Even assuming that the investors could have waived the escrow condition without having received prior bureau approval, it does not appear that this amendment was effective to accomplish this result. In September, 1974, the investors were sent a letter in which they were asked to agree to an amendment of the limited partnership agreement. The provision of the limited partnership agreement which they were asked to amend related to the party who was entitled to received the $125,000 held in escrow once the escrow condition was complied with. In order for a waiver to be effective, it must be shown that the waiving party voluntarily and intentionally relinquished a known right.[2] Neither the letter nor the amendment *106 contained any reference to the escrow agreement.
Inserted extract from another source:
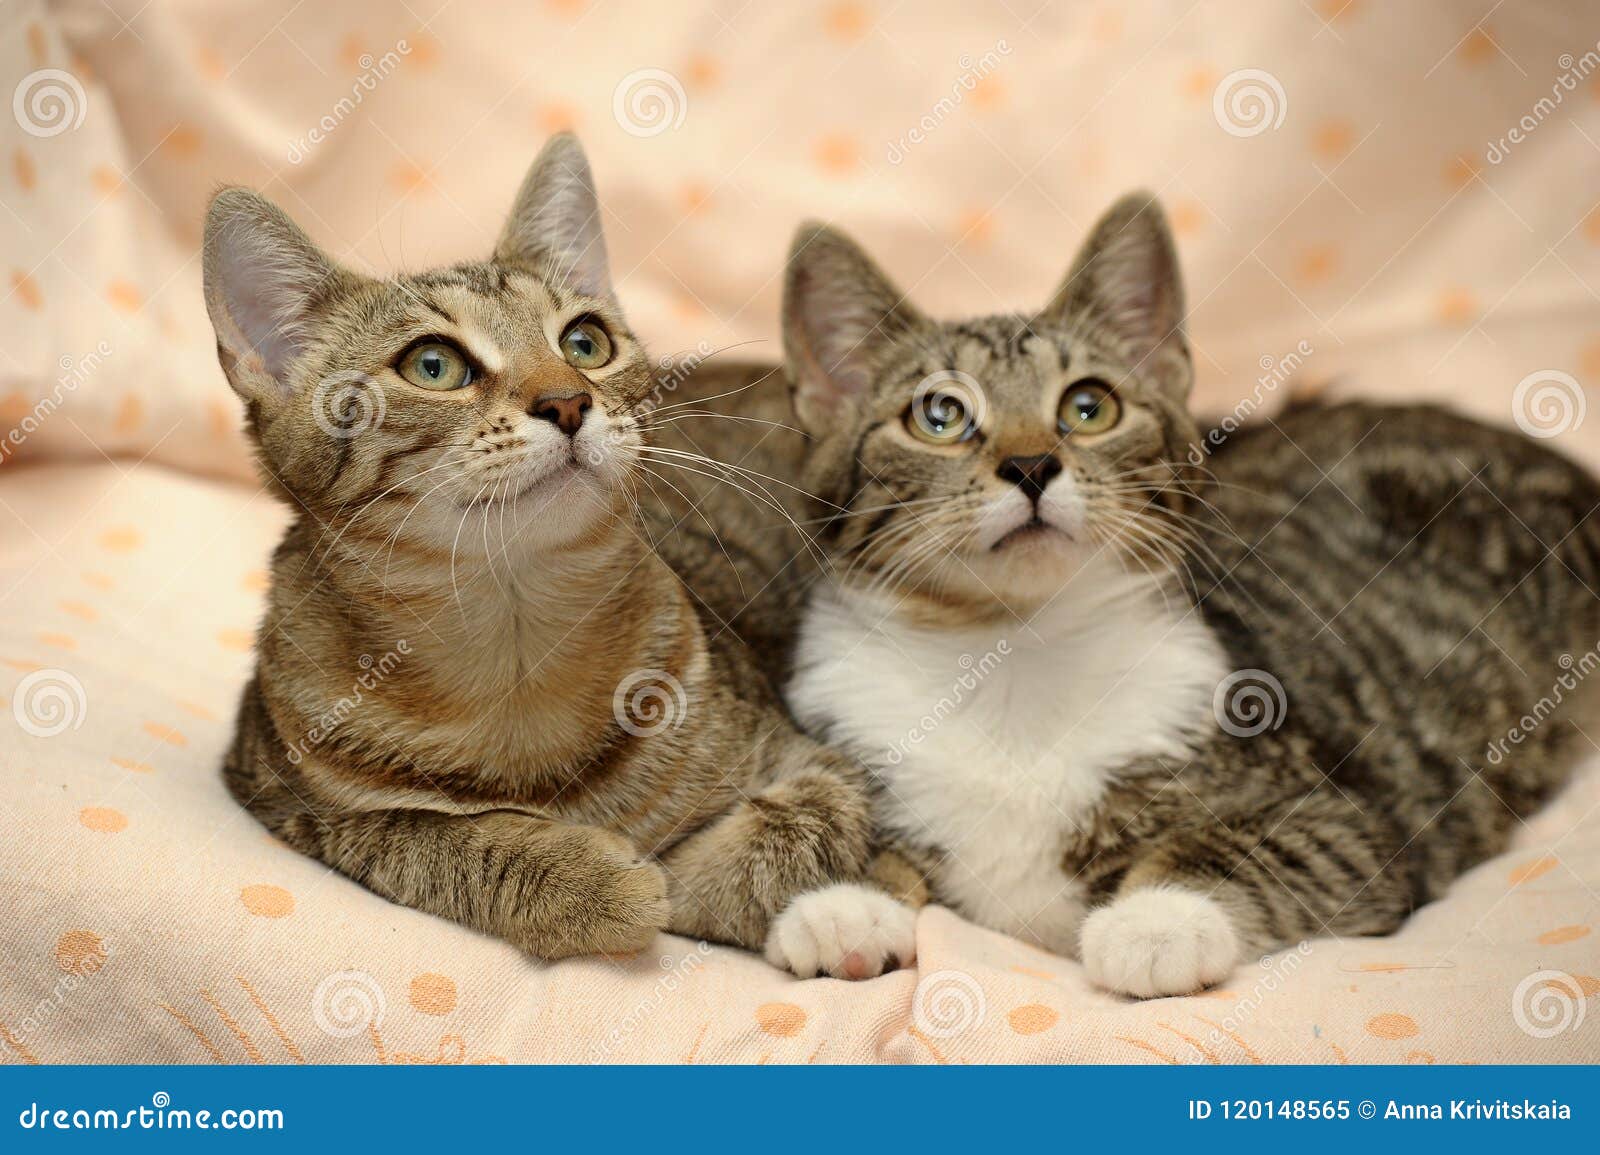 Two cats love each other, stock image. Image of group - 120148565

The three investors who testified at the hearing all claimed that it was their understanding that the only purpose of the amendment was to enable the substitution of Schwaemmle for the original contractor. There was no evidence introduced at the hearing which demonstrated that any investors had actual knowledge that this amendment was intended to alter the terms of the escrow agreement.

In view of the fact that the May, 1974, and the September, 1974, communications which were sent to the investors did not refer specifically to waiver to the escrow provisions, and in view of the fact that none of the investors were shown to have had actual knowledge of the proposed change of the escrow agreement, it appears that the bureau's decision to deny petitioners' request was supported by competent, material, and substantial evidence. Its decision to return the funds contained in the escrow account to the investors should not have been set aside.

The circuit court is reversed. The decision of the Corporation and Securities Bureau is reinstated.

NOTES

[*] Circuit judge, sitting on the Court of Appeals by assignment.

[1] 1979 AC R 451.705.3(1), (4).

[2] Bissell v L W Edison Co, 9 Mich. App. 276; 156 NW2d 623 (1967).